Yet it is not only the lack of hard data about the extent of the royal fortune which is extraordinary: it is also – and here again Trevelyan was absolutely correct – the very existence of that fortune. Before 1800, British monarchs were without private financial status, and could not personally own land. When George III’s children overspent, as they regularly did, it was Parliament which had to pay their debts. During the early years of Victoria’s reign, the monarchy was looked down on by the richest and most venerable aristocrats in the country as impoverished and parvenu, and the Queen’s marriage to a minor, hard-up German princeling did not improve matters. And when her eldest son, the Prince of Wales, resolved to live his social life among the fast set, it was feared by those in the know that he lacked the financial resources to do so. By the time Trevelyan wrote his pamphlet, things were clearly beginning to change. But not even he could have foreseen the apparently exponential growth in royal riches which has taken place during the last one hundred years, as the House of Windsor has evolved into a wealth-creating machine which even King Midas might have envied. It is to the unravelling of this extraordinary development that Phillip Hall has devoted the last ten years of his life, and as a result, he has produced a fascinating, indeed sensational book.
Between the Glorious Revolution of 1688 and the death of Queen Victoria in 1901, Hall shows that royal finances were transformed in three significant ways. The first was by the creation of what is still known as the Civil List. Before 1688, when the king’s government had truly belonged to the king, royal finance and state finance were inextricably linked. But as a result of the spiralling costs of the wars against France, and because of Parliament’s desire to keep a tight grip on the Army, the control of military finance was taken over by the House of Commons, and from 1697, the new king, William III, was paid an annual sum by Parliament, to cover his own royal expenses, and all civilian aspects of government expenditure. (Hence the name Civil List.) During the reign of George III, the Civil List (which had been fixed at £800,000 a year in 1760 when he acceded to the throne) proved insufficient to meet the growing expenses of civil government, and these were gradually taken over by Parliament. By 1830, when William IV became king, his much-reduced Civil List was allotted purely for ‘the personal dignity’ of the King and Queen. As head of state, the sovereign was paid by Parliament, and every time Victoria sought more money – as when she married Albert, or when one of her children left home – it was to Parliament that she applied for increased funds.

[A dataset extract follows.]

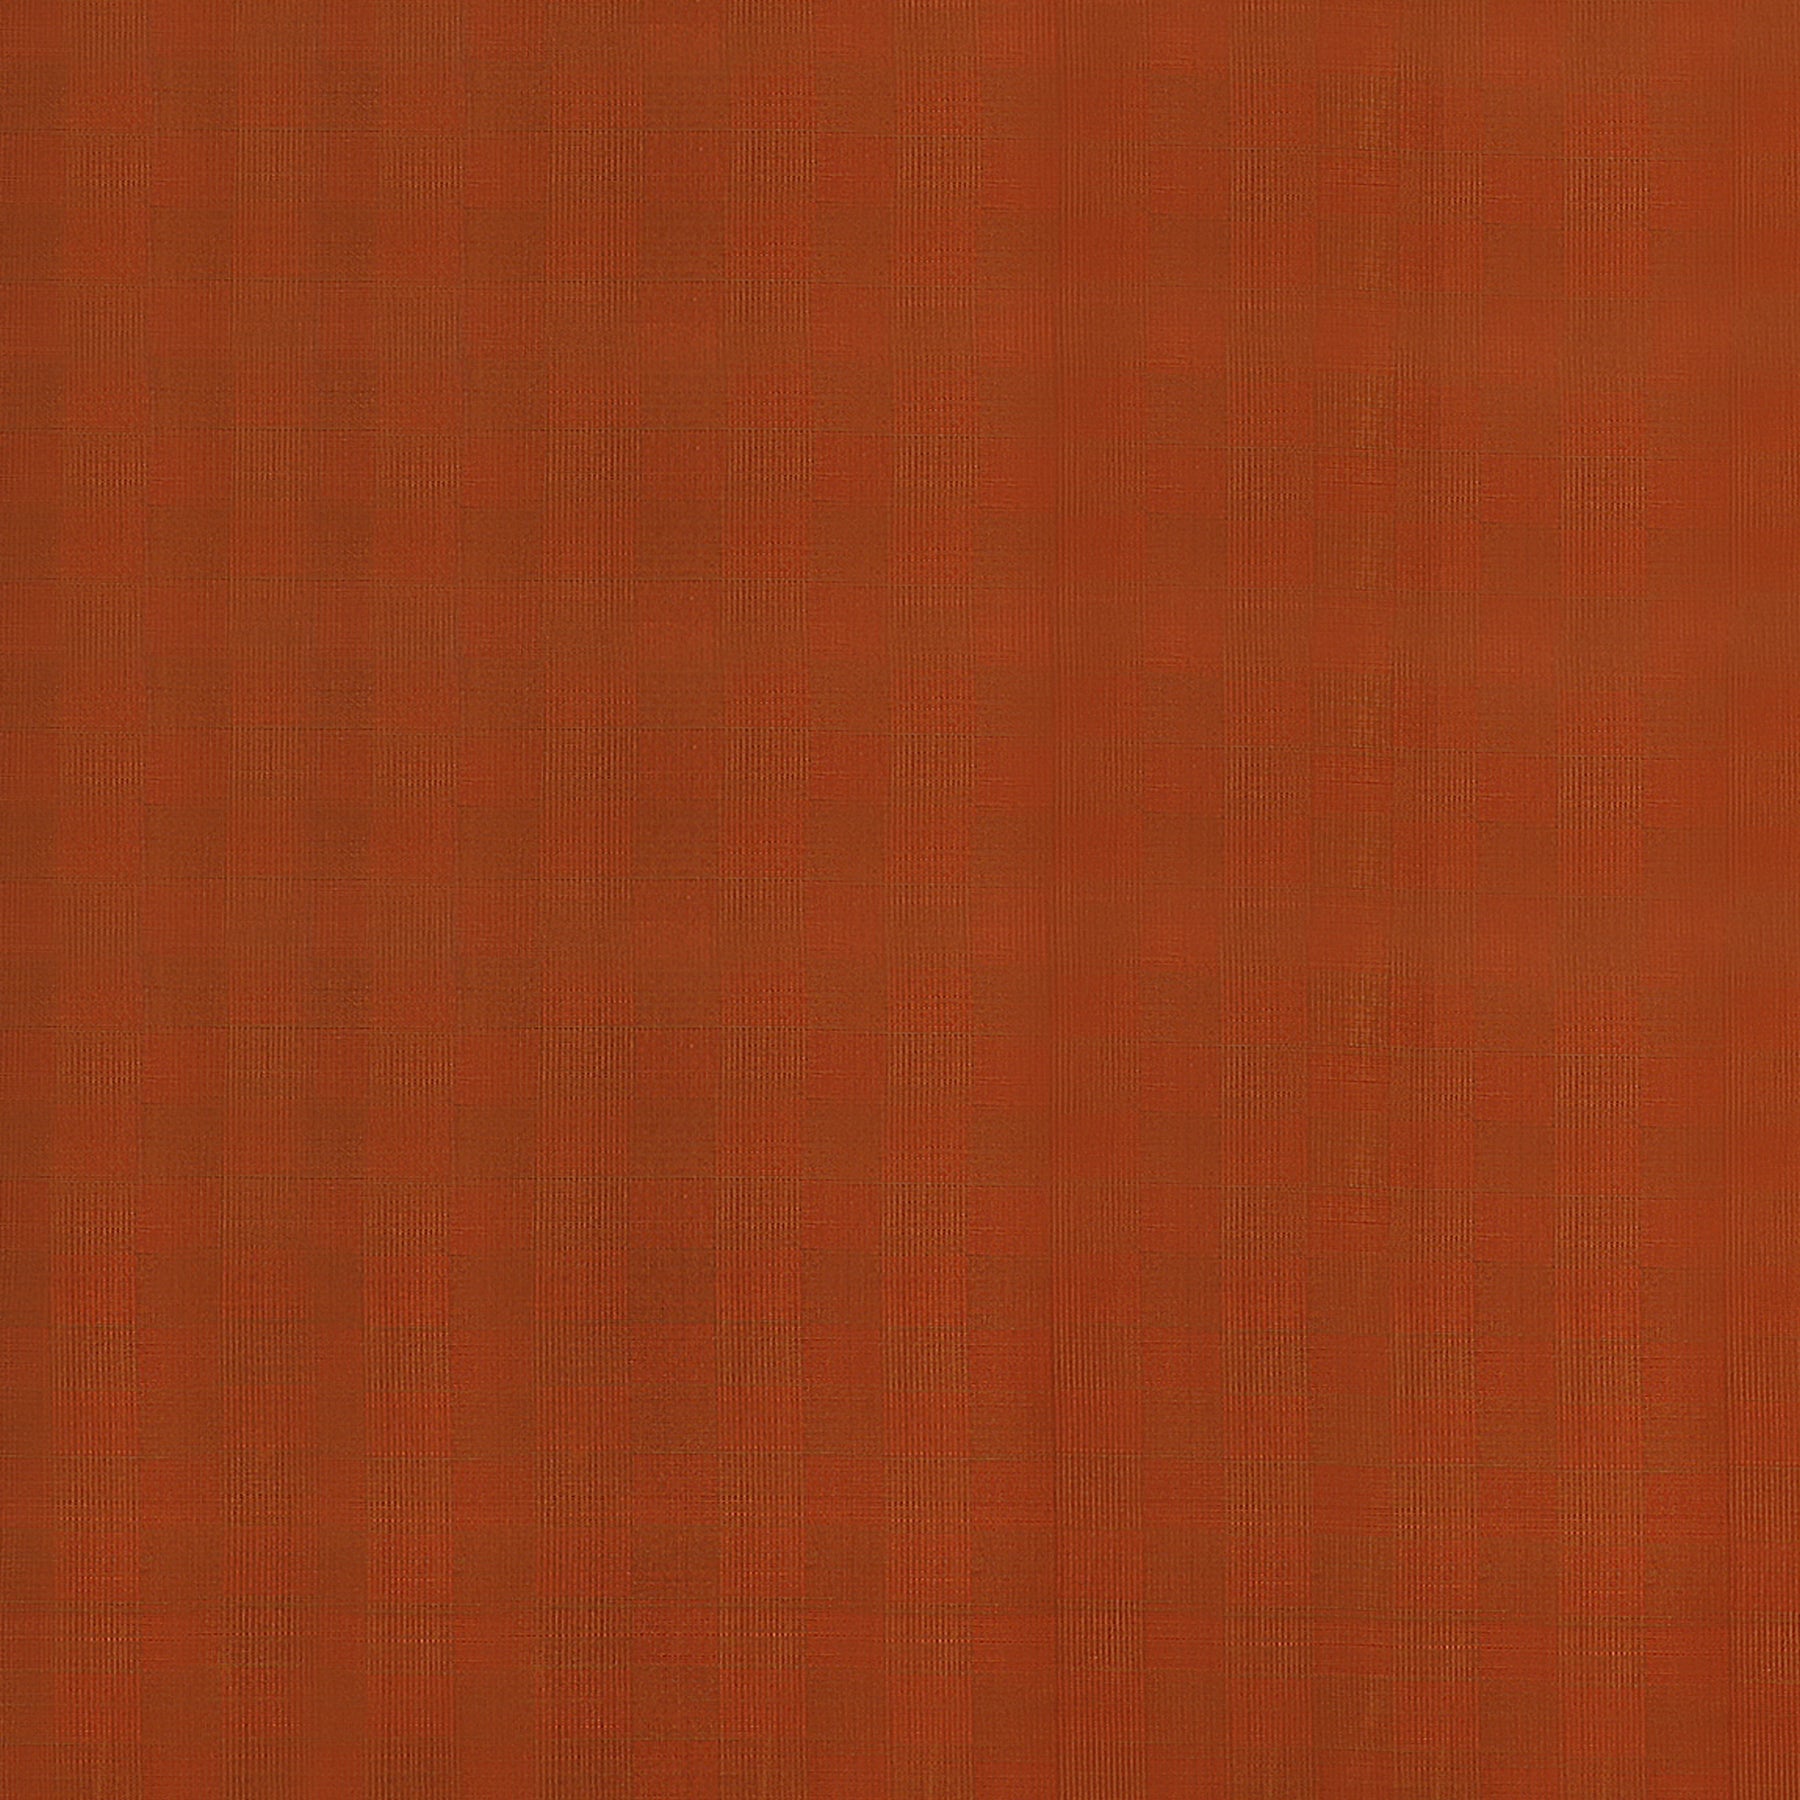 Kanakavalli Kanjivaram Silk Fabric Length 110-27-110223 - Full View Close Up

The second development, which was an unforeseen consequence of the creation of the Civil List, was the gradual accumulation of a personal royal fortune, where none had hitherto existed. The passing of the Crown Private Estate Act in 1800 gave the monarch private financial status for the first time, and allowed him (or her) to own land individually, and to make a will to dispose of it. It was under these provisions that Victoria and Albert were able to acquire the estates at Balmoral and Osborne, soon after their marriage, as their own personal possessions. But where did they find the money? Some of it came from unexpected legacies. Some of it came from the Crown estates in the Duchies of Cornwall and Lancaster, which were deemed to be the monarch’s personal possessions, and which were providing a significant income for the first time. And some of it may have come from the surplus which was beginning to appear on the Civil List, thanks to Albert’s managerial skills in cutting the costs of the royal establishment. During the remainder of the Queen’s reign, her personal fortune continued to accumulate, largely because – as Trevelyan guessed – money paid to her in the form of the Civil List was being transferred to her own private funds.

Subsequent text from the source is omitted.